GIVEN MATERIAL Start Marker
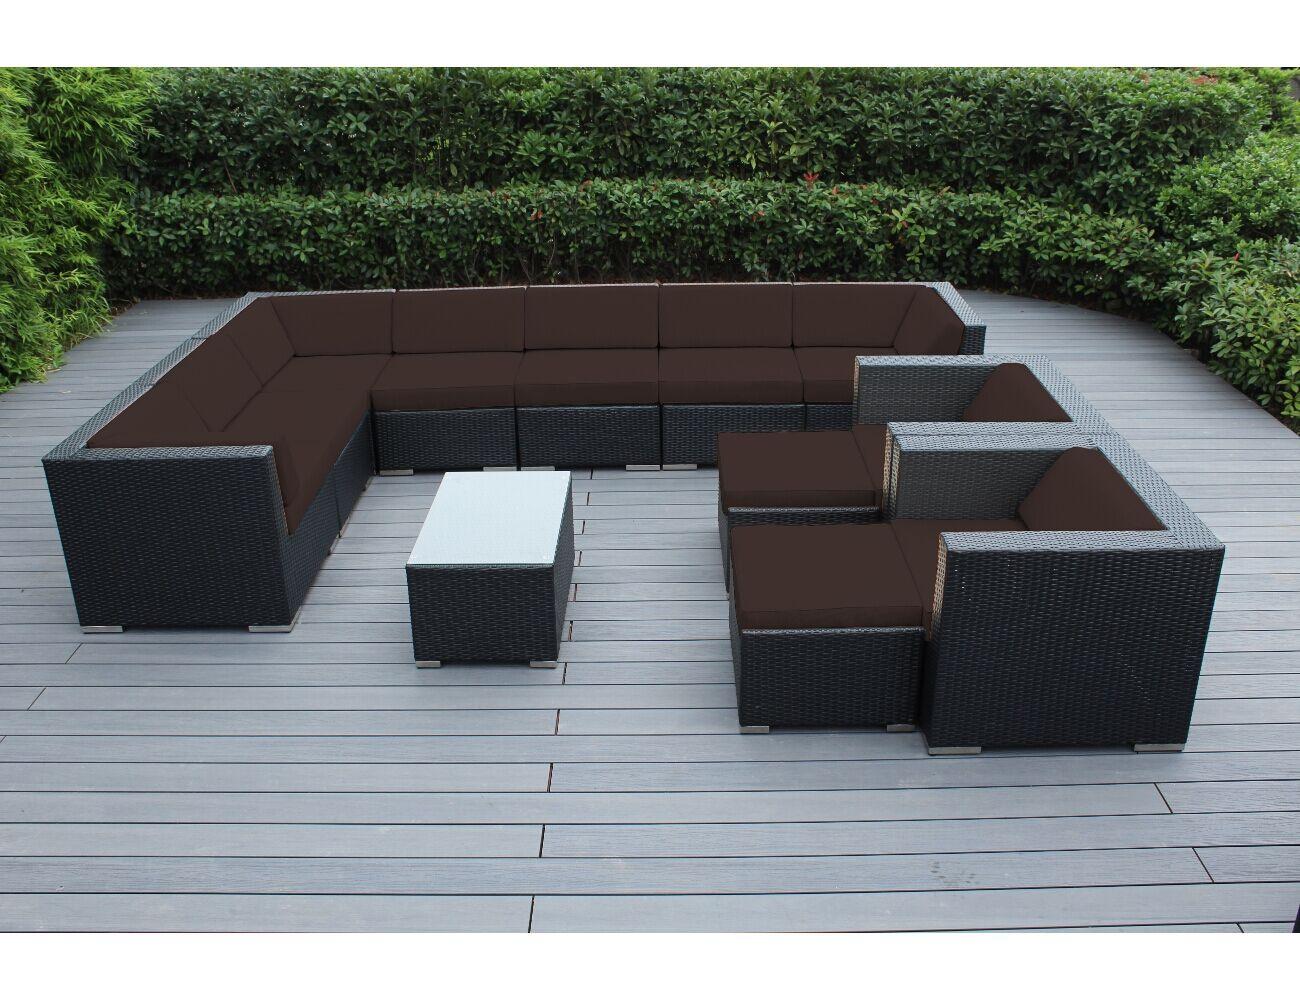 Konieczny 12 Piece Rattan Sunbrella Sectional Set with Cushions Frame Finish: Black, Cushion Color: Aruba
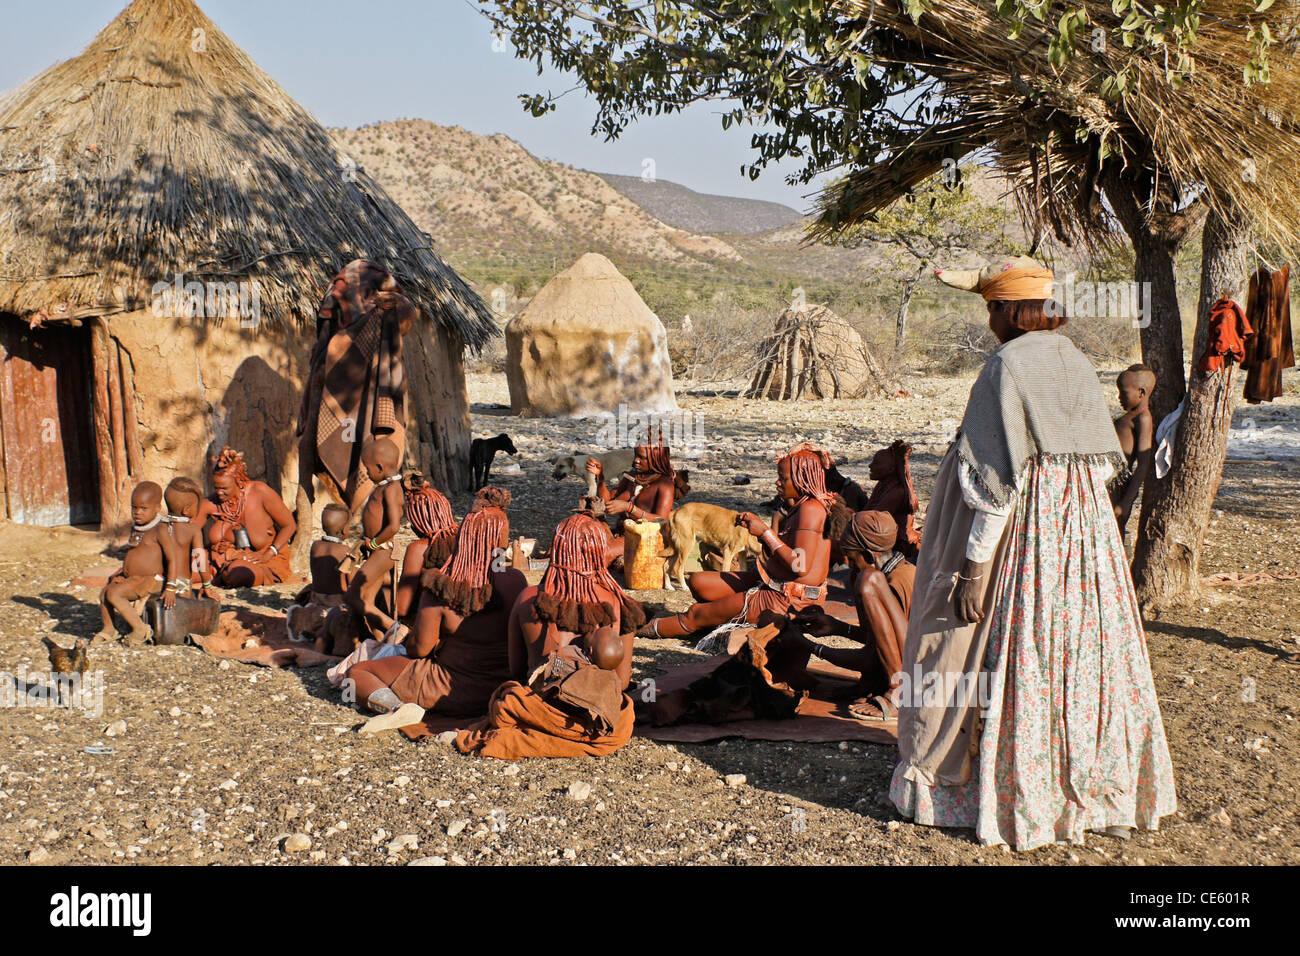 Herero woman and Himba people in Himba village near Opuwo, Namibia - Stock Image
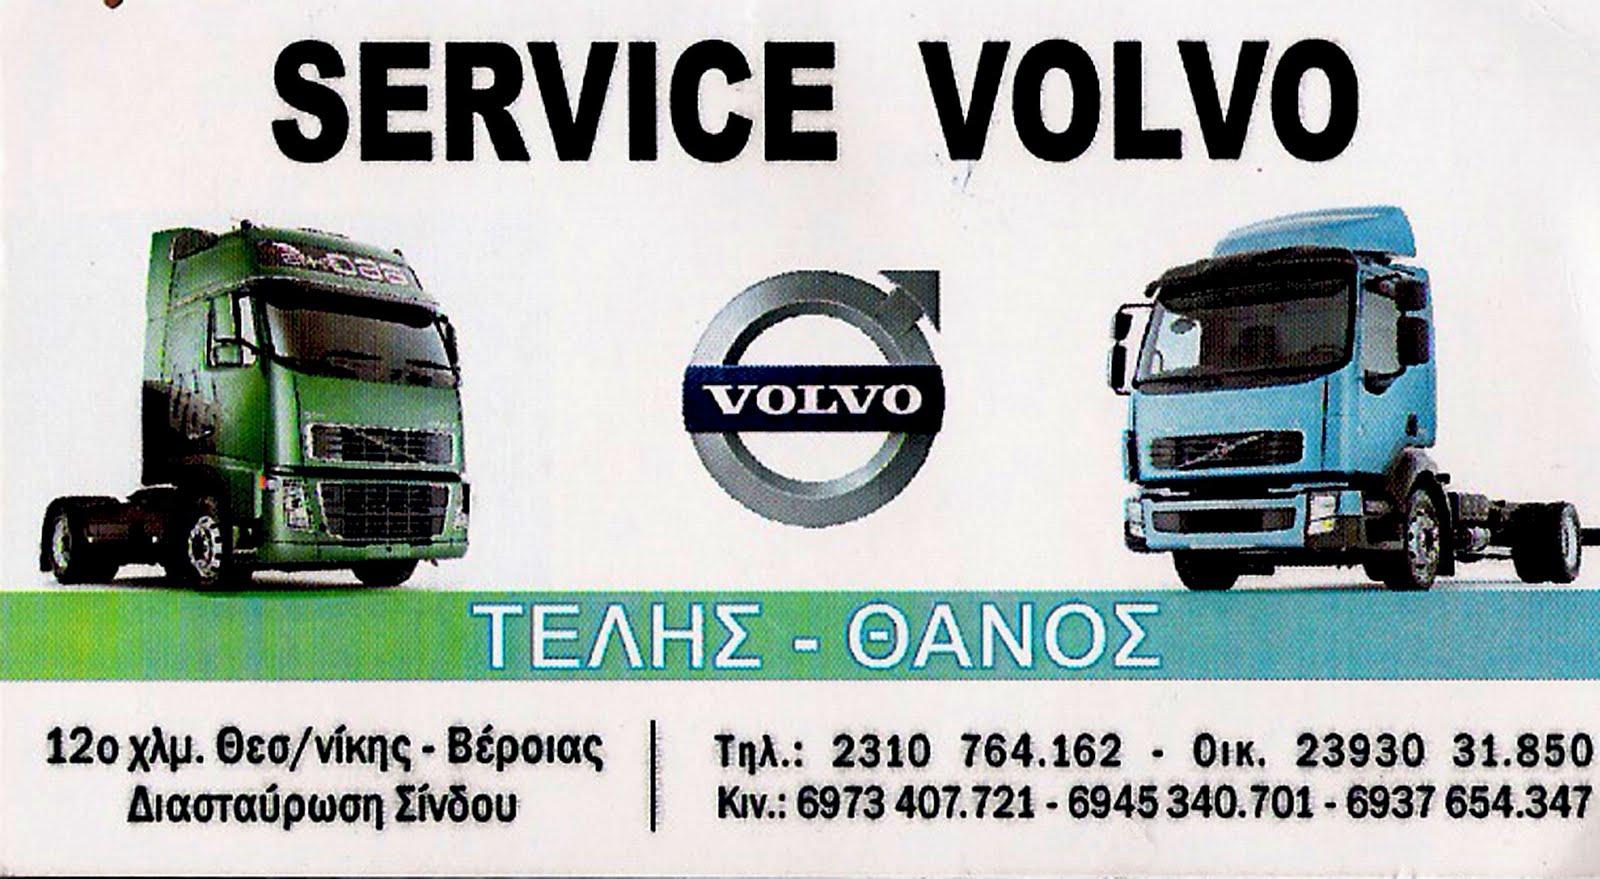 SERVICE VOLVO ΤΕΛΗΣ - ΘΑΝΟΣ
GIVEN MATERIAL End Marker
Exclude all images and retype the data precisely.

RESPONSE AREA:
 Konieczny 12 Piece Rattan Sunbrella Sectional Set with Cushions Frame Finish: Black, Cushion Color: Aruba
 Herero woman and Himba people in Himba village near Opuwo, Namibia - Stock Image
 SERVICE VOLVO ΤΕΛΗΣ - ΘΑΝΟΣ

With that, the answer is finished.